Harris v. Wackenhut Services, Inc.

419 F. App'x 1
CourtCourt of Appeals for the D.C. Circuit
DecidedMay 3, 2011
DocketNo. 09-7104
StatusPublished
Cited by26 cases

This text of 419 F. App'x 1 (Harris v. Wackenhut Services, Inc.) is published on Counsel Stack Legal Research, covering Court of Appeals for the D.C. Circuit primary law. Counsel Stack provides free access to over 12 million legal documents including statutes, case law, regulations, and constitutions.

Bluebook
Harris v. Wackenhut Services, Inc., 419 F. App'x 1 (D.C. Cir. 2011).

Opinion

JUDGMENT

PER CURIAM.

Upon consideration of the record from the United States District Court for the District of Columbia and the briefs of the parties, it is

ORDERED AND ADJUDGED that the judgment of the District Court be affirmed.

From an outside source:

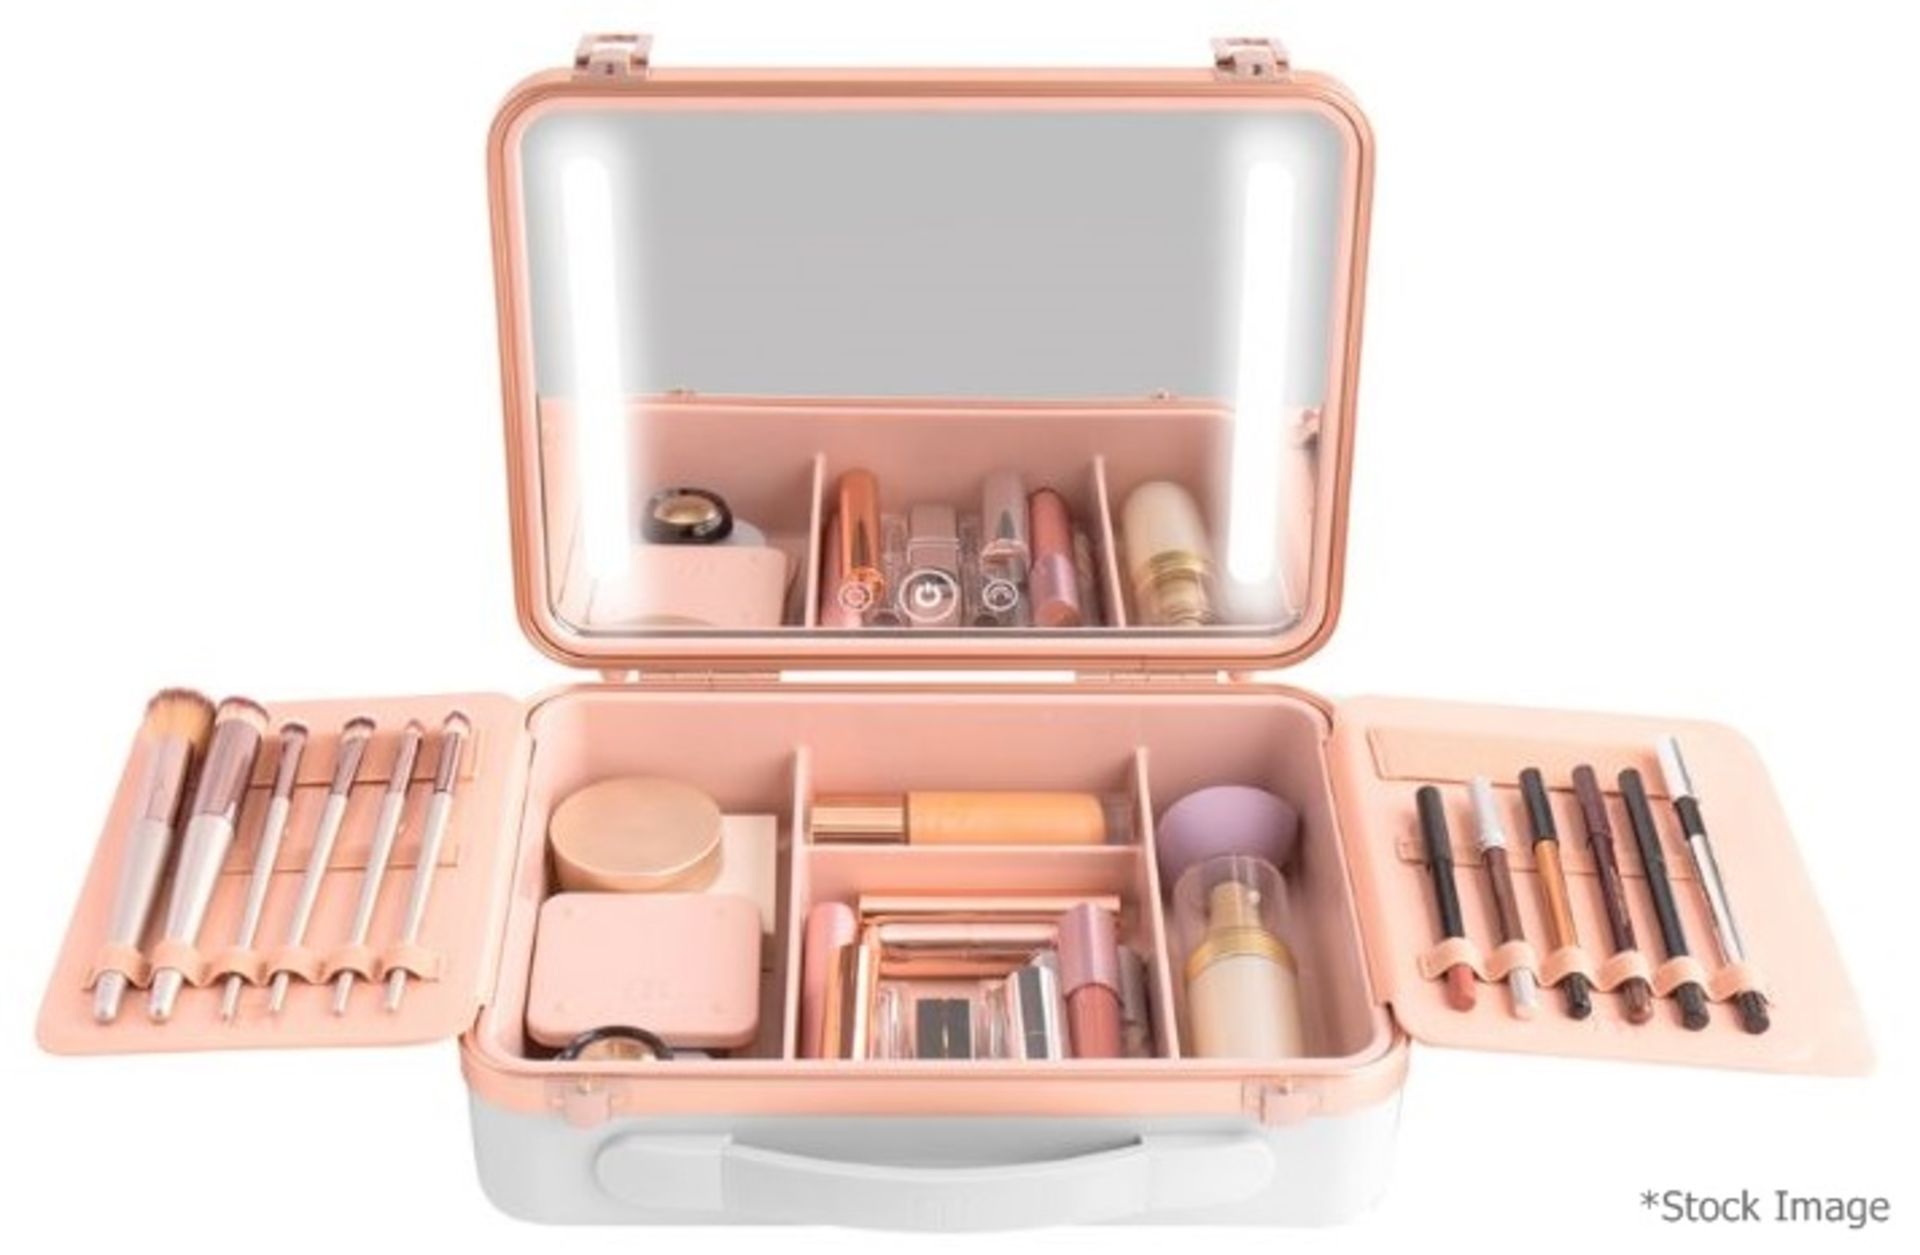 1 x BEAUTIFECT 'Beautifect Box' Make-Up Carry Case With Built-in Illuminated Mirror - RRP £279.00
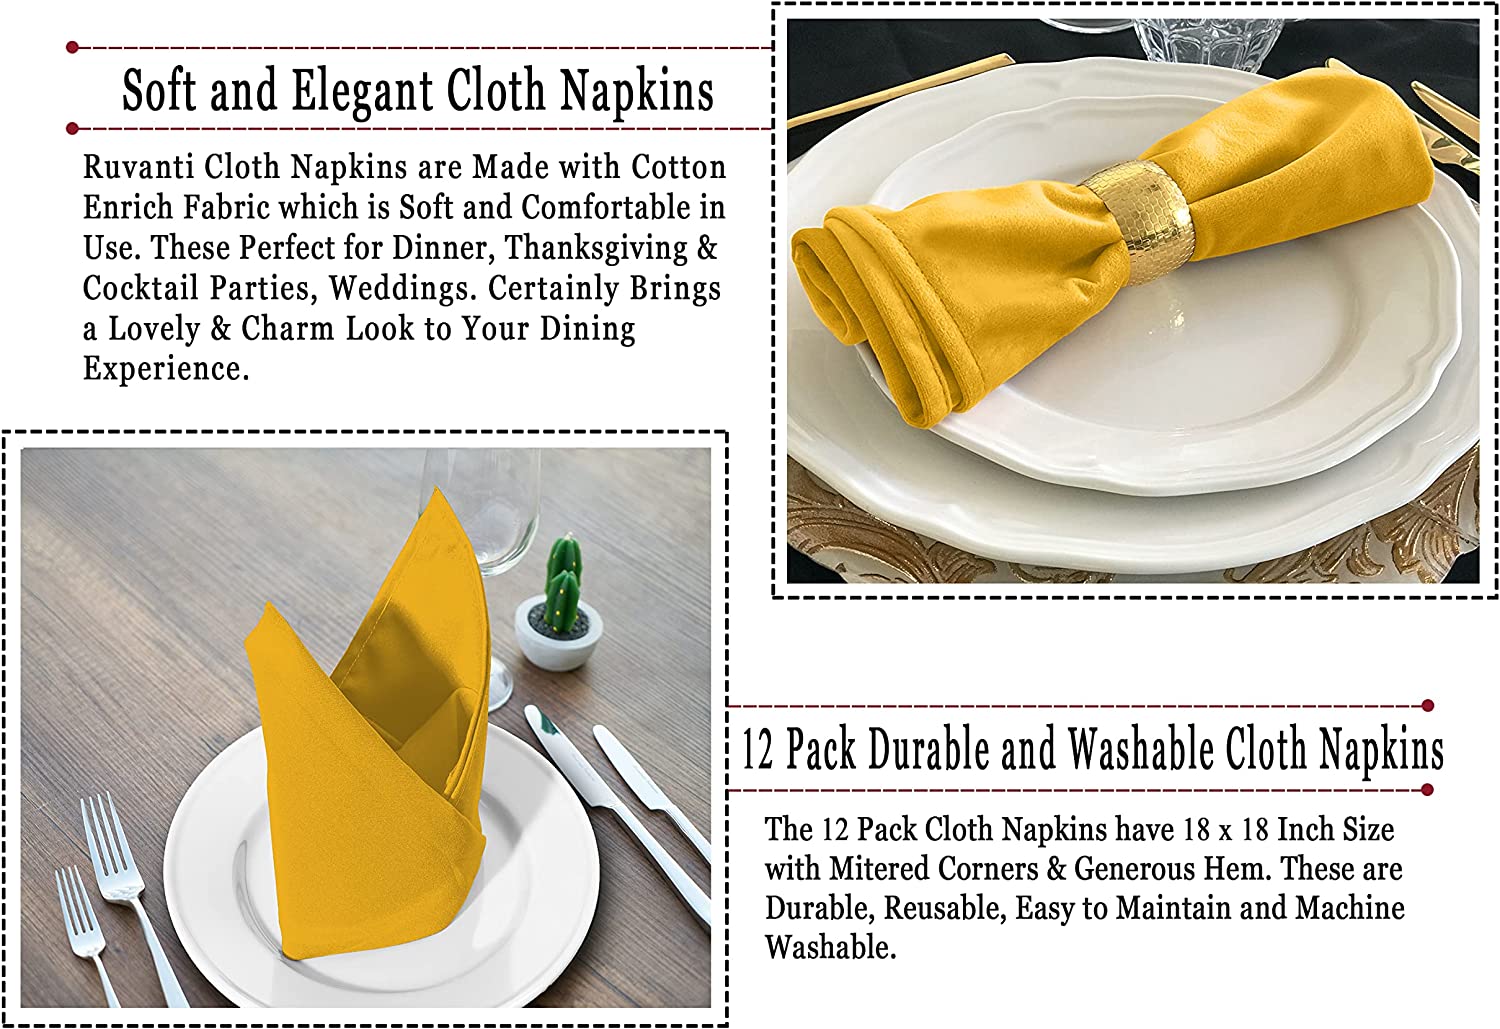 Ruvanti Cloth Napkins Set of 12, 18x18 inches Napkins Cloth Washable, Soft, Durable, Absorbent, Cotton Blend. Table Dinner Napkins Cloth for Hotel, Lunch, Restaurant, Wedding Event, Parties - Mustard - image 3 of 7

Appellant Edward E. Harris filed a complaint in the District Court claiming, inter alia, that appellee Wackenhut Services, Inc., subjected him to a racially hostile work environment and discriminated against him because of his race when it transferred him to a new position. The District Court dismissed these two claims, granting summary judgment in favor of Wackenhut. Harris appeals.

In dismissing Harris’s hostile work environment claim, the District Court concluded that the comments about which Harris complained did not support a finding “that his work environment was sufficiently hostile to become legally actionable.” Harris v. Wackenhut Servs., Inc., 590 F.Supp.2d 54, 75 (D.D.C.2008). We agree. Harris points to only three racially motivated comments directed at him dur[2]*2ing a one-year period. But “a few isolated incidents of offensive conduct do not amount to actionable harassment.” Stewart v. Evans, 275 F.3d 1126, 1134 (D.C.Cir.2002); see also Faragher v. City of Boca Raton, 524 U.S. 775, 788, 118 S.Ct. 2275, 141 L.Ed.2d 662 (1998) (explaining that “conduct must be extreme” to create a hostile work environment). The remaining evidence Harris deploys bears no connection to his race and therefore cannot support a hostile work environment claim. See Davis v. Coastal Int’l Sec., Inc., 275 F.3d 1119, 1122-24 (D.C.Cir.2002); Richardson v. N.Y. State Dep’t of Corr. Serv., 180 F.3d 426, 440 (2d Cir.1999). Moreover, even if all of the evidence were considered together as racially motivated, it is not sufficiently extreme for Harris to prevail on his claim.

In dismissing Harris’s discriminatory transfer claim, the District Court concluded that the entirety of Harris’s evidence did not support an inference of discrimination. Harris v. Wackenhut Servs., Inc., 648 F.Supp.2d 53, 69 (D.D.C.2009). Again, we agree. The only relevant evidence of discrimination that Harris offers is a comment by Long and laughter by Foley, the two Wackenhut executives who made the decision to transfer Harris. But Long’s comment was not directed at Harris and Foley’s laughter clearly had nothing to do with Harris’s race. The District Court correctly concluded that this evidence was insufficient for a reasonable jury to find that Wackenhut’s legitimate, non-diseriminatory reason for transferring Harris was pretext for racial discrimination.

Pursuant to Rule 36 of this Court, this disposition will not be published. The Clerk is directed to withhold issuance of the mandate herein until seven days after the disposition of any timely petition for rehearing or petition for rehearing en banc. See Fed R.App. P. 41(b); D.C.Cir.R. 41.